I’ve just been diagnosed with Optic Neuritis for the second time but in the opposite eye. I first had it going back approximately 5-6 years ago but back then they didn’t know much about it or even have a name for it, just told me it was due to stress.
Everything we have read about it online leads back to MS and/or Neuromyelitis Optica. I have also been noticing that I struggle with my speech at times and get ‘shooting’ pains in my feet but I was putting that down to the possibility of wearing the wrong type of shoes.
I am currently waiting for an appointment with a neurologist. Has anyone else had any experience with ON and it leading on to being diagnosed with MS?
Any advice will be much appreciated and thank you in advance
I don’t think Optic Neuritis would definitely lead to a dx of MS, but you should mention the other symptoms you’ve been experiencing when you see the neuro. Many more tests would need to be done before he/she would reach that conclusion.
Hi there, I am a newbie and first time poster. I was diagnosed on Wednesday with retrobulbar optic neuritis. Consultant said if it’s caused by ms I could get steroids. It’s the first time ms ever mentioned to me.
i went to the GP who says I have hyper sensitive lower limb reflexes, I have had a weakness and funny sensation in my hands for a few months, a twitch in one muscle in my foot every night and a few months ago, I was dog tired with pain in every muscle and joint.
i am now over analysing everything and have got a referral for the neurologist but will have to go private as waiting list is so long.
not sure how to prepare mentally for the whole process.
I am a parent not a patient. My daughter had optic neuritis along with toe and finger numbness over a few months and gp laughed when I asked for steroids and nobody has mentioned ms. I am convinced this is what it is though.
It’s very inconsistent how clinicians approach theses symptoms. The neuro waiting list is possibly 6 months + so I will find the £200 to fund her appointment and hopefully MRI too.
Emotional side is sadly not discussed at appointments which is why people use this site, talking helps a lot.
Your gp sounds good and I wish you luck with diagnosis, May I ask what age you are?
My father in law is 84 and was diagnosed with Ms 50 years ago. My grandmother had ms too but I don’t remember her. I hope you have supportive family.
I am dreading the day my daughter is told her diagnosis and tryptophan prepare myself to be strong.
I just turned 38 a few weeks ago with 2 young kids. I have made a private appointment for 20 May with a neurologist which just seems so far away!
i don’t know what to be thinking, I have lay awake every night since Wednesday when the eye thing happened and I can see symptoms everywhere even though they may be completely unrelated.

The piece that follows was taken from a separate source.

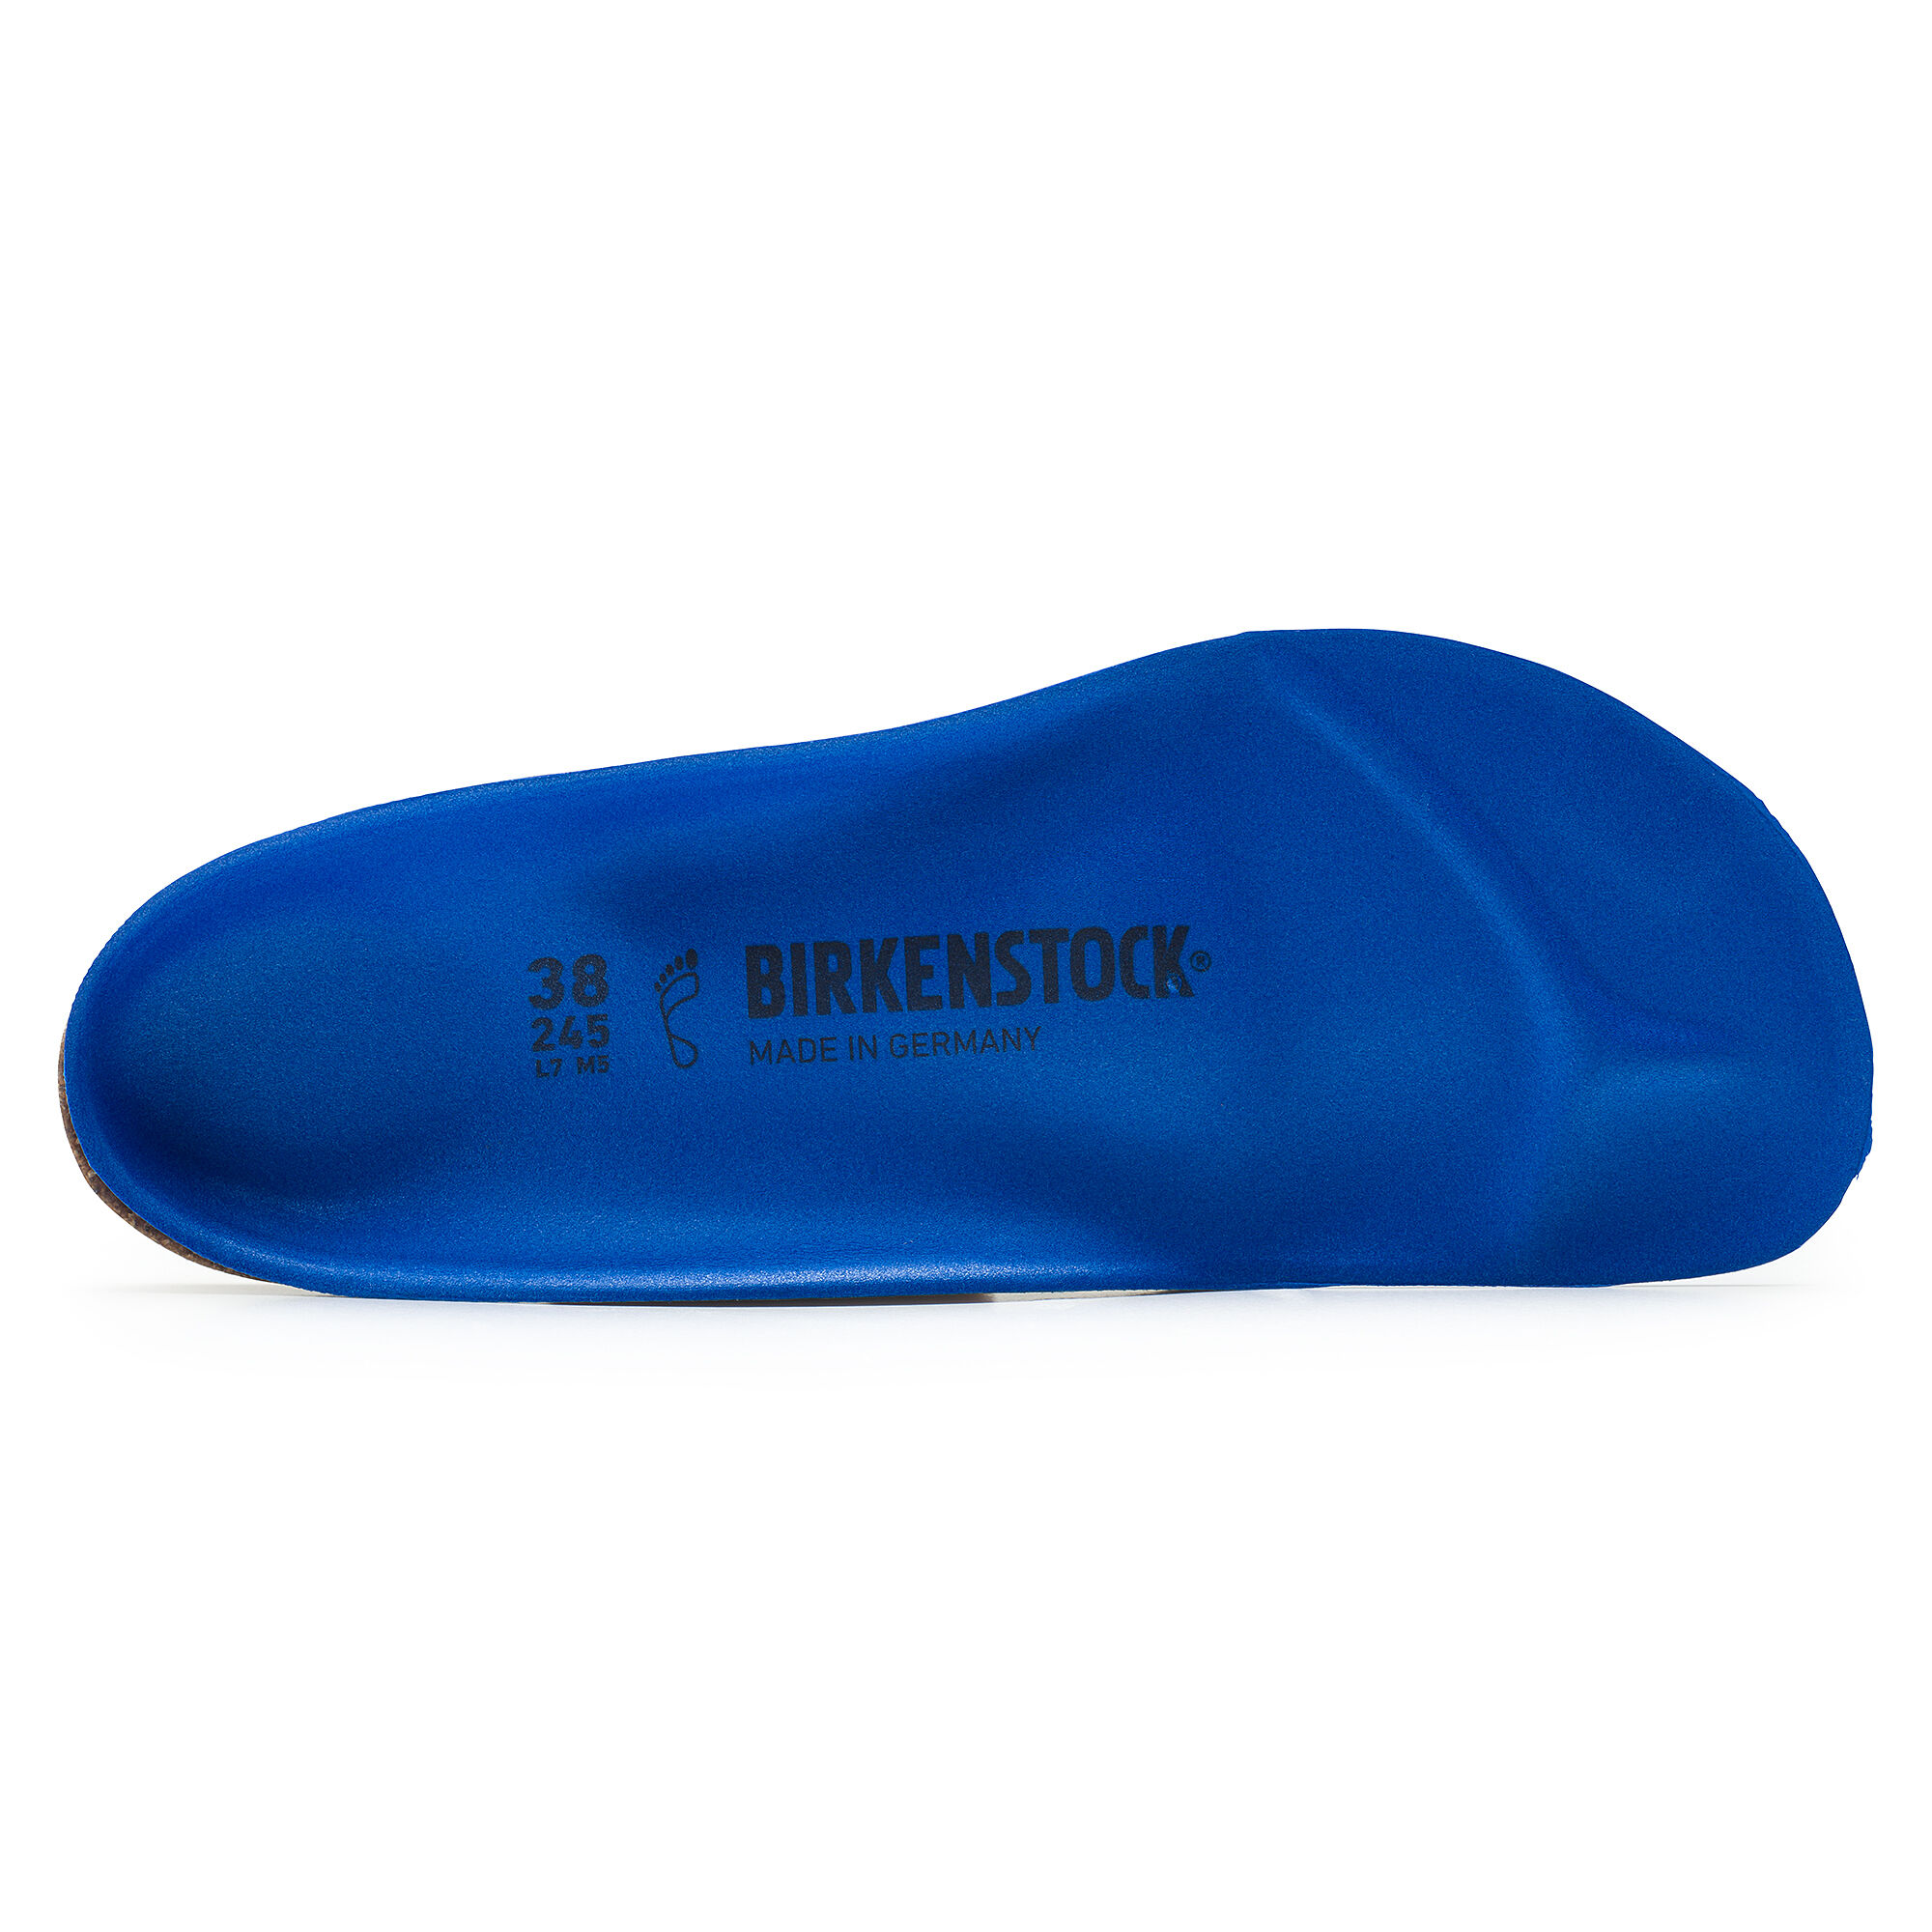 birkenstock birko sport

its working out how to cope, I know a diagnosis isn’t the end of the world, it’s just something that has floored me as I wasn’t expecting him to say that, I thought I needed varivocals
I started with a bout of ON in my right eye. The optician couldn’t diagnose anything, I went to an ophthalmologist who diagnosed the ON and got me to have an MRI scan as it can be caused by anything stress, tumours or MS. When the results came back she explained that it wasn’t a tumour and that she ‘guessed’ it was MS but had to send me to the Neurologist for diagnosis. This was the first debilitating symptom I had experienced, however, when I talked to the neurologist it seems all the symptoms I have been experiencing and putting down to old age are the tell tale signs of MS. Aching legs, balance issues pins and needles and restless legs etc.